Il ruolo dell’AI come acceleratore di vulnerabilità zero-day

Infine una quarta tendenza è analizzata da Adam Meyers, SVP Counter Adversary Operations, CrowdStrike: nel 2026 assisteremo probabilmente a un’esplosione di vulnerabilità zero-day individuate dall’AI.

Mentre l’intelligenza artificiale accelera la generazione di codice e lo sviluppo di software, sta diventando anche perfetta per trovare difetti nel software. Esistono due modi principali per identificare queste vulnerabilità: uno è l’analisi mirata, che richiede molte risorse e tipicamente un intervento umano nel processo. L’altro è comunemente chiamato fuzzing e comporta l’uso dell’automazione per identificare i difetti. La GenAI è un punto di svolta per quest’ultimo. Può ottimizzare le metodologie di fuzzing e analizzare i crash report su vasta scala, portando rapidamente alla luce difetti sfruttabili come vulnerabilità.

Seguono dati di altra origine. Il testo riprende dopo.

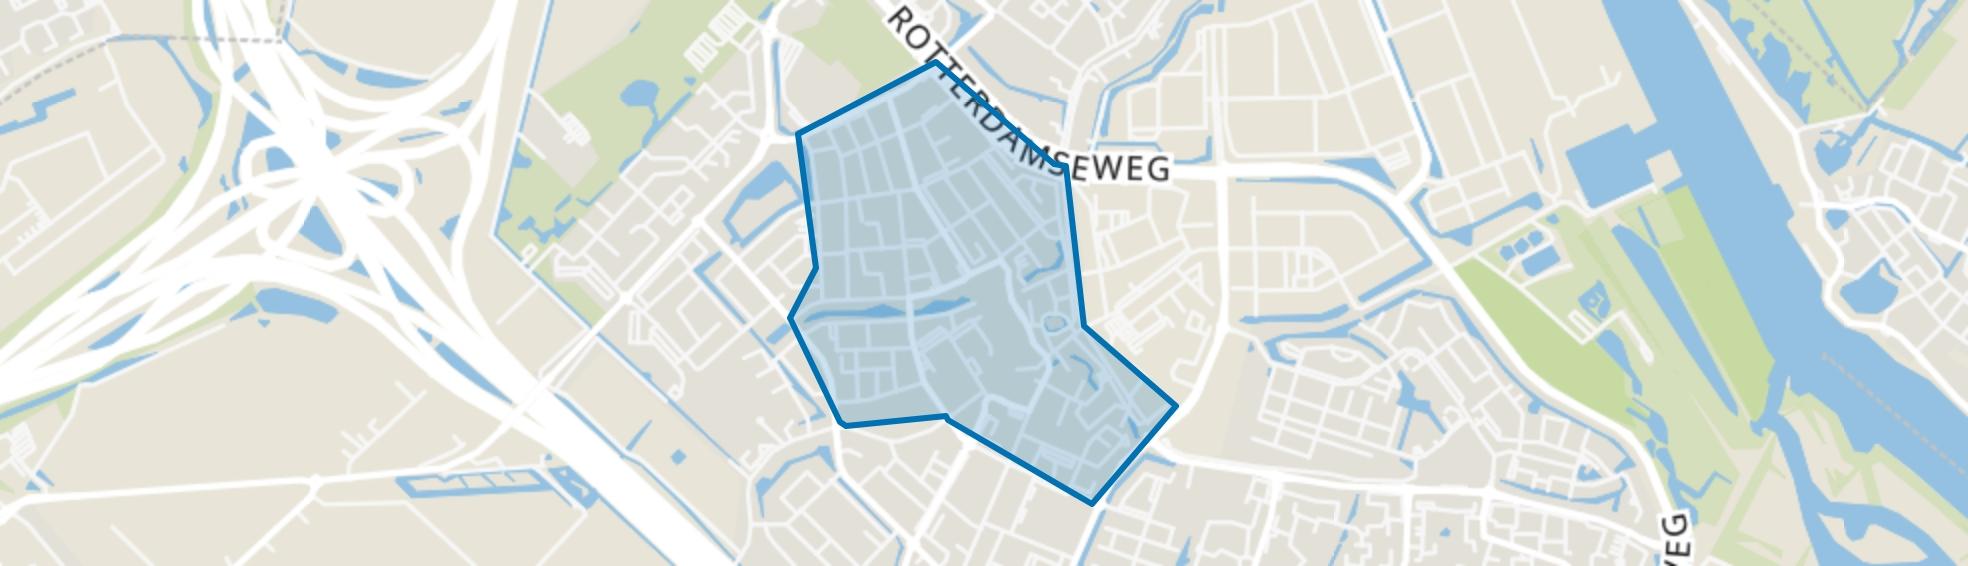 Centrum, Ridderkerk map

I primi indicatori, spiega Meyers, suggeriscono che gli avversari sofisticati stanno già investendo in questo tipo di ricerca, abbassando il livello di costo per la scoperta e facendo delle vulnerabilità stesse un’arma. Questi exploit sono le chiavi che gli avversari utilizzano per ottenere l’accesso iniziale ai loro obiettivi. I difensori che avranno successo saranno quelli che utilizzeranno l’AI con la stessa velocità e precisione: rilevando, applicando patch e cercando proattivamente le vulnerabilità zero-day con la stessa rapidità con cui vengono identificate.